It’s a bedrock truth that marketers must measure their efforts. Without tracking what works and what doesn’t, it’s impossible to refine and improve what you do.

And yet the concept “measure what works” is deceptively simple. Marketing efforts occur across many channels at once, and each channel carries a different cost. The question is how to compare them.

In any given month your company may be sending out emails, placing paid advertisements, attending trade shows, and buying Google AdWords pay per click advertising all at the same time. Your marketing program has a finite budget of both time and money, so you need to know where to concentrate your efforts. What you want to measure is return on investment (ROI) across your different lead generation channels.

ROI per channel is a composite of three metrics: contacts and leads generated per channel, conversion rates at each stage per channel, and the average lifetime-spend of the customer. Let’s take a moment to look at each one.

Contact and leads generated per channel:

The first step to gauging the efficacy of your marketing is to measure how many new contacts and leads each effort is capturing.

In digital marketing, this means directing viewers of each effort to a different landing page and/or tracking URL and using dynamic phone number tracking. By tracking visitors by a unique LinkedIn or Google landing page or tracking code and phone number you can count the number of new contacts and ultimately leads generated by each digital channel when you count the captured contact information of its page.

Measuring new contacts and leads from in-person events like trade shows can be as simple as directing leads to an on-site signup sheet.

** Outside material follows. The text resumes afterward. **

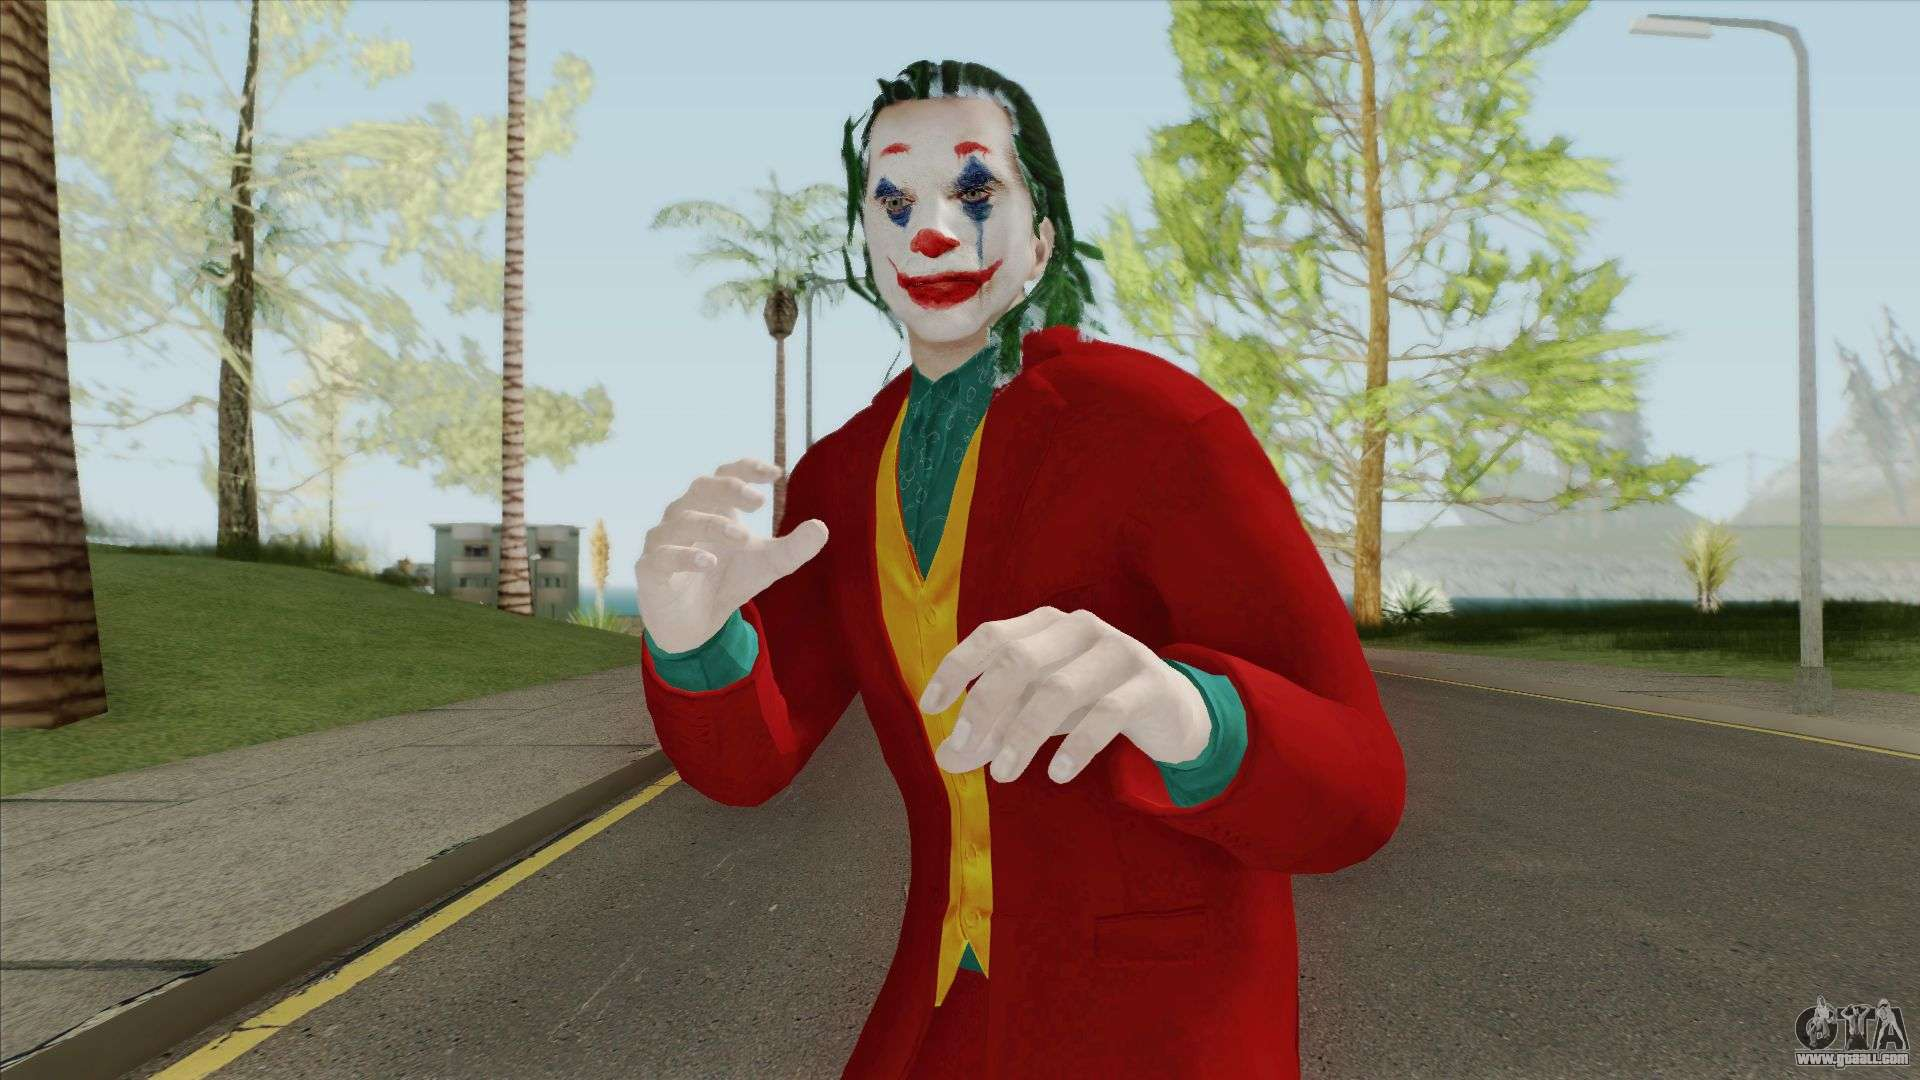 Joker 1989 (Jack Nicholson Skin) for GTA San Andreas

Measuring interest generated by physical marketing materials like direct mailings and magazine advertisements often involves using a unique URL, phone number or having the publisher assign a code to the material that needs to be referenced during an inquiry back to your business. Offering a discount can also help, “mention this ad to receive 10 percent off your first month.” It’s always important for your receptionist or sales team to ask inbound leads, “How did you hear about us?” to make sure you’re tracking the efficacy of these materials.

Conversion rate per channel:

Whenever your sales team converts a contact to a lead and then into a customer, note which marketing channel generated the lead. The number of converted leads divided by total leads generated is the conversion rate for that channel. Suppose your email campaign landing page captured 50 leads last month and your sales team closed sales with 10 of those leads. The conversion rate of your email campaign is 10 divided by 50 — a 20 percent conversion rate.

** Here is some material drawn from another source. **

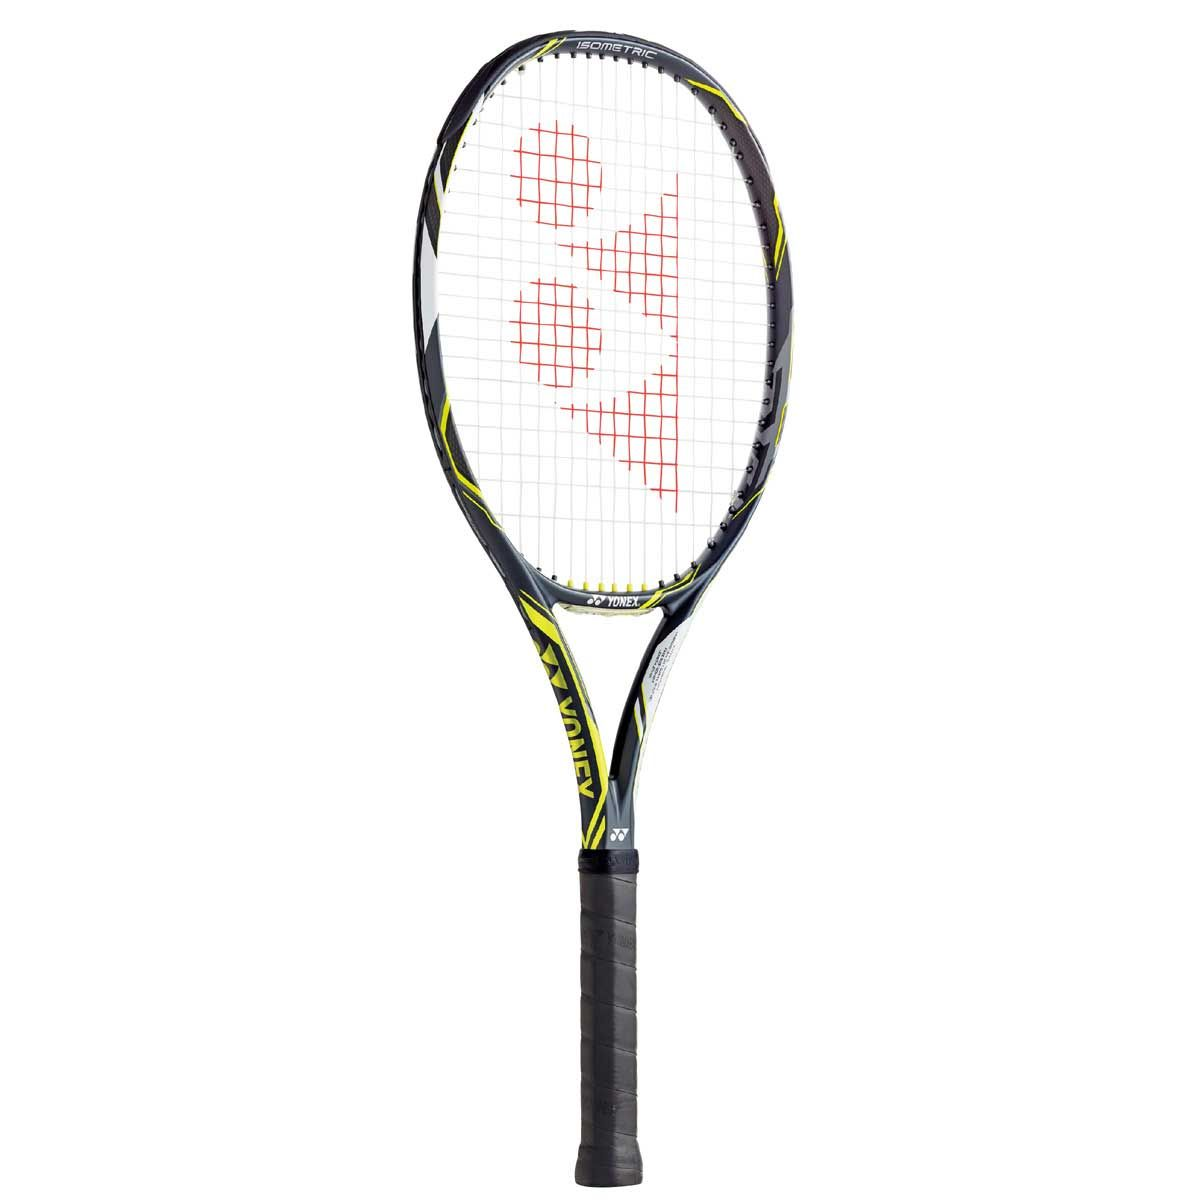 Yonex Ezone Dr 100 Tennis Racquet 300 Gm Unstrung Tennis Racquet Tennis Racquets

Average lifetime spend per channel:

Different channels speak to different market segments. Prospects from a trade magazine ad placement might have a bigger appetite for your services than respondents to your Twitter efforts. Measure the average total lifetime sales volume per customer from each channel. If a converted trade magazine lead tends to buy $10,000 dollars from your company when a LinkedIn lead tends to buy $5,000, you need to know about it.

Return on investment

With those three metrics in place, you can calculate your ROI per channel.

A channel’s cost divided by its leads generated is its cost per lead. If you spent $1,000 on AdWords last month to bring in 100 leads, your cost per AdWords lead was $100.00

A channel’s conversion rate times its cost per lead is that channel’s cost per new customer. If you spent $100 per lead from AdWords and closed 25 percent of those leads, each new customer cost you $400.

A channel’s ROI is the average lifetime spend of its customers divided by its cost per customer. If your AdWords-generated-customers tend to spend $5,000 and it cost $400 to acquire them, your return on investment is 12.5: each dollar spent on AdWords advertising brought in $12.50

If you knew for every $500 you invested on marketing, you would get $1000 or $2500 per spend, how many times would you do it? Answer: as many times as you could!

When you understand what goes into each channel’s ROI, you are empowered to refine your efforts. Perhaps your trade show presence had a great ROI despite the high upfront cost. You know it’s time to research more in-person events. Is your direct mailing ROI low because of a lack of leads generated, or a low conversion rate of a high number of leads? Knowing the ROI per channel, as well as the constituent metrics that contribute to it, let’s you prioritize your time, making sure you refine your efforts where they will do the most good for your company.